Double hashing is a collision resolution technique used in open-addressed hash tables. It works by using two hash functions to compute two different hash values for a given key. The first hash function is used to compute the initial hash value, and the second hash function is used to compute the step size for the probing sequence.

Double hashing has the ability to have a low collision rate, as it uses two hash functions to compute the hash value and the step size. This means that the probability of a collision occurring is lower than in other collision resolution techniques such as linear probing or quadratic probing.

However, double hashing has a few drawbacks. First, it requires the use of two hash functions, which can increase the computational complexity of the insertion and search operations. Second, it requires a good choice of hash functions to achieve good performance. If the hash functions are not well-designed, the collision rate may still be high.

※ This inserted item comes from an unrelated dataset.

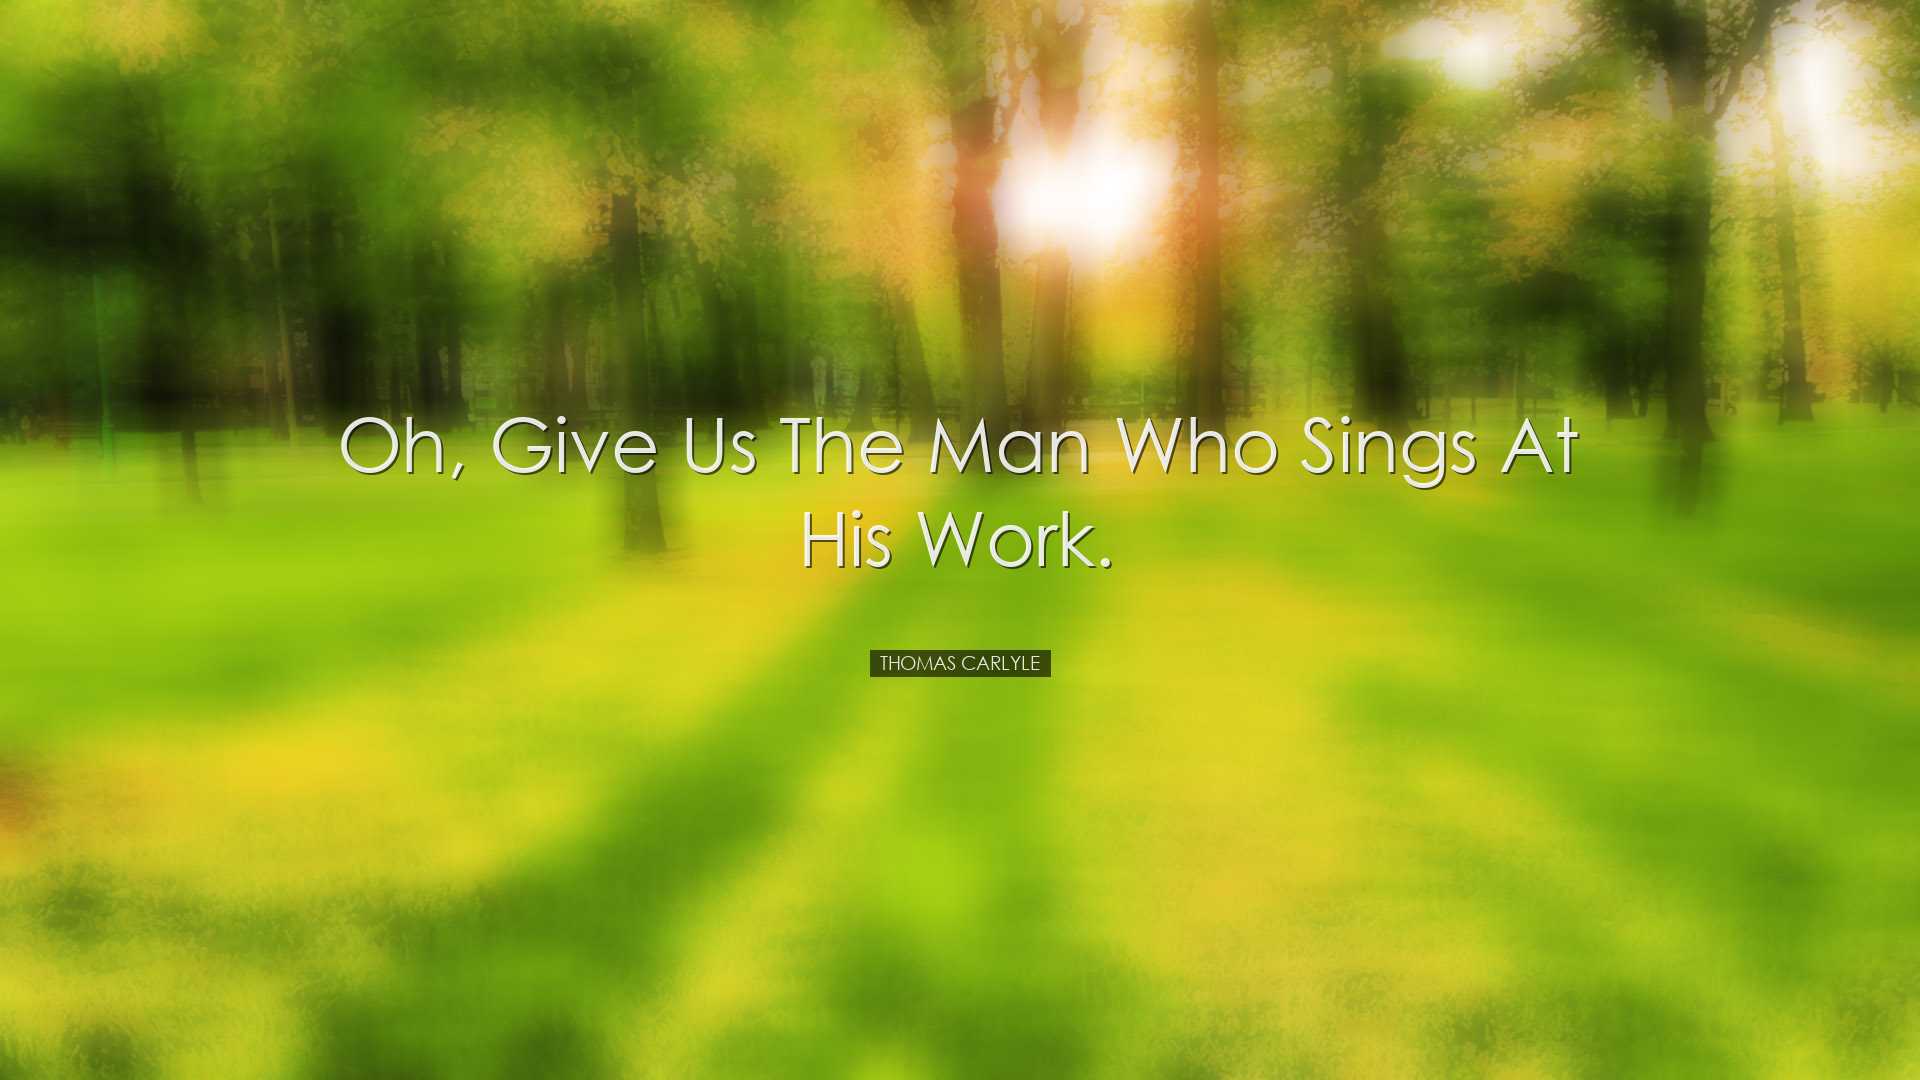 Oh, give us the man who sings at his work. - Thomas Carlyle

Advantages of Double Hashing

  • The advantage of Double hashing is that it is one of the best forms of probing, producing a uniform distribution of records throughout a hash table.
  • This technique does not yield any clusters (unlike linear probing which suffers from primary clustering).
  • It is one of the effective methods for resolving collisions.

How Double Hashing Works

Double hashing can be done using the following formula:

hash(key, i) = (hash1(key) + i * hash2(key)) % TABLE_SIZE

Here hash1() and hash2() are hash functions and TABLE_SIZE is the size of the hash table. (We repeat by increasing i (0, 1, 2...) when a collision occurs)

  • The first hash function is typically: hash1(key) = key % TABLE_SIZE
  • A popular second hash function is: hash2(key) = PRIME - (key % PRIME) (where PRIME is a prime number smaller than the TABLE_SIZE)

Requirements for a good second Hash function:

  1. It must never evaluate to zero (otherwise the step size would be zero, resulting in an infinite loop on the same slot).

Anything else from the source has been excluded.